Whatever attitudes towards the characters Hall instilled in his cast they have transfered poorly to disc. Healthy vocalism abounds in the predominantly American cast. Soprano Carol Vaness attacks “Come scoglio” fearlessly. Mezzo Delores Ziegler lends her Dorabella a ripe, impulsive allure, and the two swains, tenor John Aler and baritone Dale Duesing, blend acceptably. But only Claudio Desderi’s wily Alfonso reveals any sense of involvement in a genuine dramatic situation. It is much too easy to tune out of this “Cosi.”

That’s not possible with DG’s new recording of Verdi’s “La Forza del Destino” (419 203-2, three CDs). One hearkens to every note as conductor Giuseppe Sinopoli steers London’s Philharmonia Orchestra through one of the more attentively perverse readings the opera has ever received on disc. Sinopoli exaggerates dynamic contrasts (though DG’s engineering captures both ends of the sonic spectrum), relishes Verdi’s orchestration, slams home climaxes and enforces an oppressively unyielding rhythmic pulse. It’s a clinical, bravura performance, but one that is often oblivious to the emotional center of this revenge tragedy; Sinopoli’s accompaniment goes limp when he gets to Leonora’s “Pace, pace mio dio.”
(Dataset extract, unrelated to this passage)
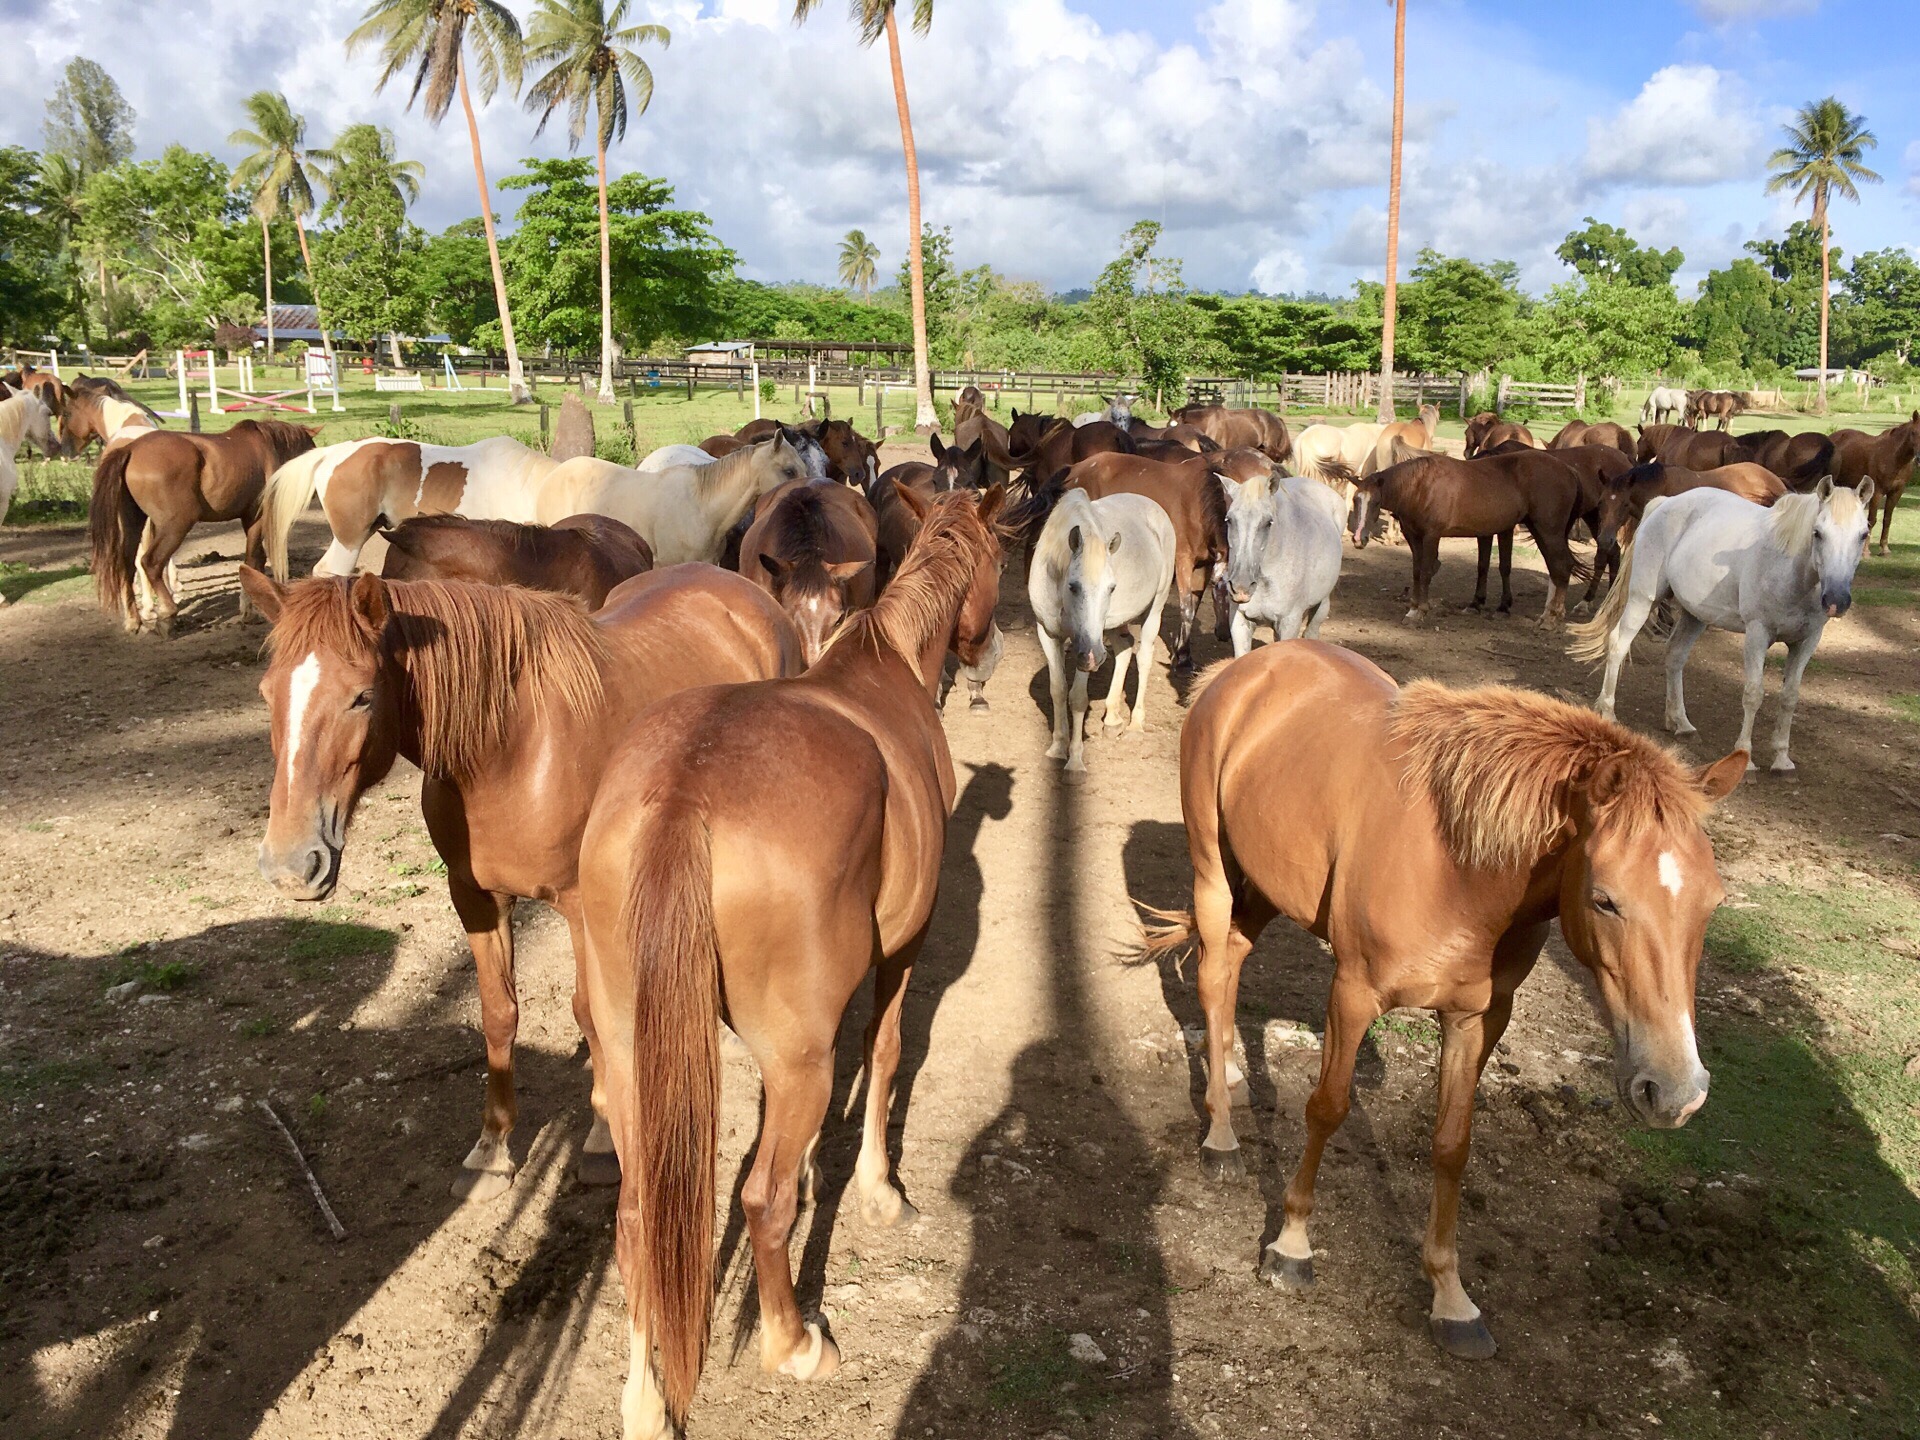 在瓦努阿图，除了水上活动外，可以选择策骑穿过绿油油的田野，民居，奔向清澈无污的海滩，尝试水中骑马和上

The singing proves anew the near impossibility of gathering an international-class “Forza” cast these days. To the luckless Alvaro, Jose Carreras brings considerable passion and a tenor now drained of stamina and liquidity. Baritone Renato Bruson lacks the spin and legato for a satisfactory Carlo. Rosalind Plowright’s bright, unidiomatic soprano thins alarmingly as Leonora’s line mounts the scale. Agnes Baltsa’s volatile Preziosilla and Paata Burchuladze’s sonorous Padre Guardiano maintain a higher standard.

While CBS Masterworks’ desire to capitalize on soprano Eva Marton’s outsized talents is understandable, the veristic postures of Giordano’s “Fedora” demand a more individual response to its intricately constructed epic of murder and revenge in Czarist Russia (after all, Sardou wrote his original play for Bernhardt).

The recording, a Hungarian co-production (CBS M2K-42181, two CDs) finds the diva in opulent voice, but Jose Carreras’ ardent Loris misses the freshness of yore. The supporting cast provides ample evidence that Italian is not its native tongue. Leading the Hungarian Radio and Television Orchestra, Giuseppe Patane keeps the plot simmering without ever permitting it to come to a full boil.